オレはこの会社に勤務し、野村には色々と面倒を見てもらった。

年は離れているが、アニキみたいな頼れるとこもあるし、会社から一歩外に出れば、ただのスケベなオッサンと化す。

そんなスケベオヤジだが、入社間もない頃、オレを見て一言
「お前まだ童貞だろ?」
と即座に見抜かれてしまった。

何でだ!

何で知ってんだ、このオッサン!エスパーか?エスパーなのか?

地球侵略を企むエスパーなのか、お前は?

オレは思わず「は、はい」と返事してしまった。

何でそんな事がわかるんだ?

オレはかなりビビった。

でも童貞だからって、オレの事をいじるワケではなく

「お前がその気になれば、彼女の一人や二人簡単に出来るぞ!早くオトコになれ!」

とまで言ってのけた。

マジか?マジで彼女出来るのかオレは?冷やかしで言ってんじゃねぇぞ、このオヤジ!

「まずは女に慣れなきゃな。
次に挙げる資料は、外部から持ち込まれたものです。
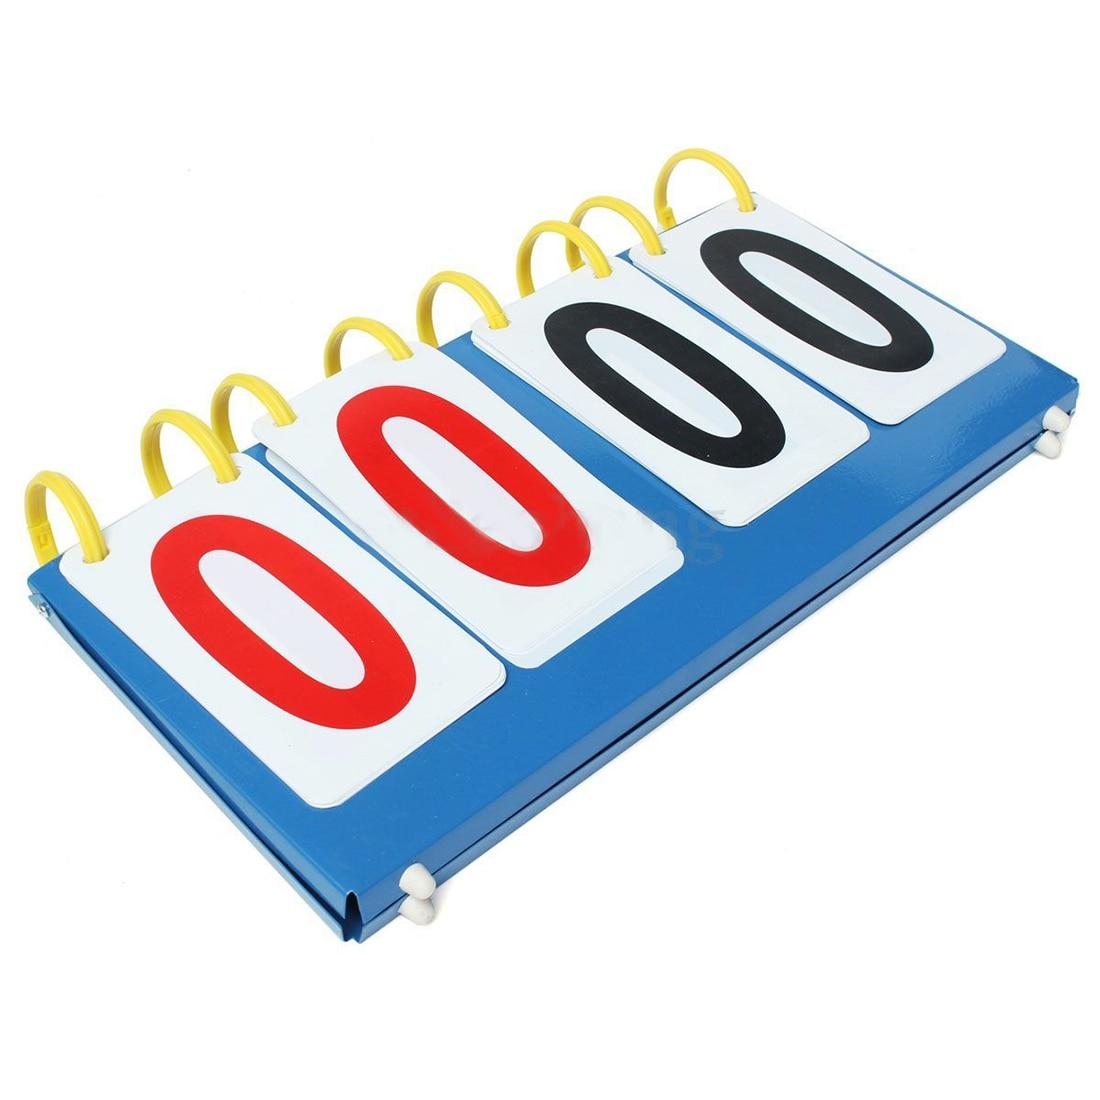 JHO-Portable 4 Digit Scoreboard Sports Flip Score Board Basketball Scorer Tennis
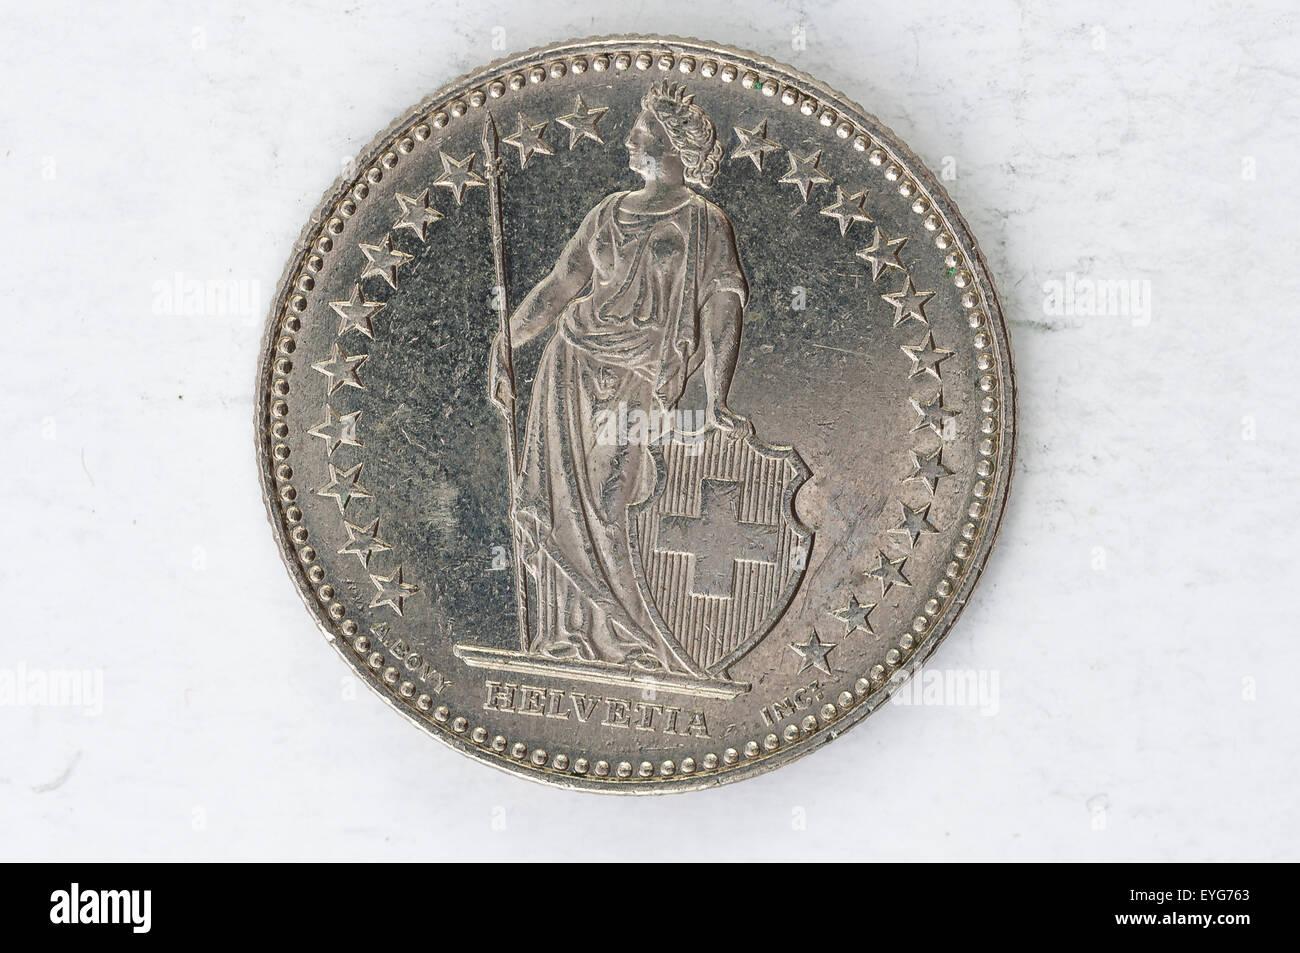 5 Der Schweiz Franken Münze 1965 Silber Verwendet Sehen Fünf

よし、今日仕事終わったらキャバクラ行くぞ!これも社会勉強だ!いいな!」

なんて事を言われ、やんわりと今まで断ってきた。

誘いを断るからって、急に態度を変えるような事はなかった。

むしろかなり心配された。

「お前大丈夫か?そろそろここら辺で女に慣れないとマジでヤバいぞ!」

何て事まで言われる始末だ。

まぁ確かに客観的にオレという人間を見れば、この先女と仲良く出来るかと言えば、そりゃ無理に決まってるわな。


まぁそんなこんなで今日も仕事が終わった。

帰り際、野村に

「行くか、今日は?一度ぐらい経験しておけ。これはお前にとっちゃリハビリみたいなもんだ」

と言われ、リハビリか…

まぁリハビリだよな、マジで。

「じゃ、行ってみます」

と答えてしまった。


「よし!んじゃまずは一杯飲んでから行こう!お前もいきなりシラフでキャバクラなんかにゃ無理だからな。最初は居酒屋で飲んでから行くからな」

「ゎ、わかりました…」

大丈夫かなオレ…

不安を残しながら会社を後にした。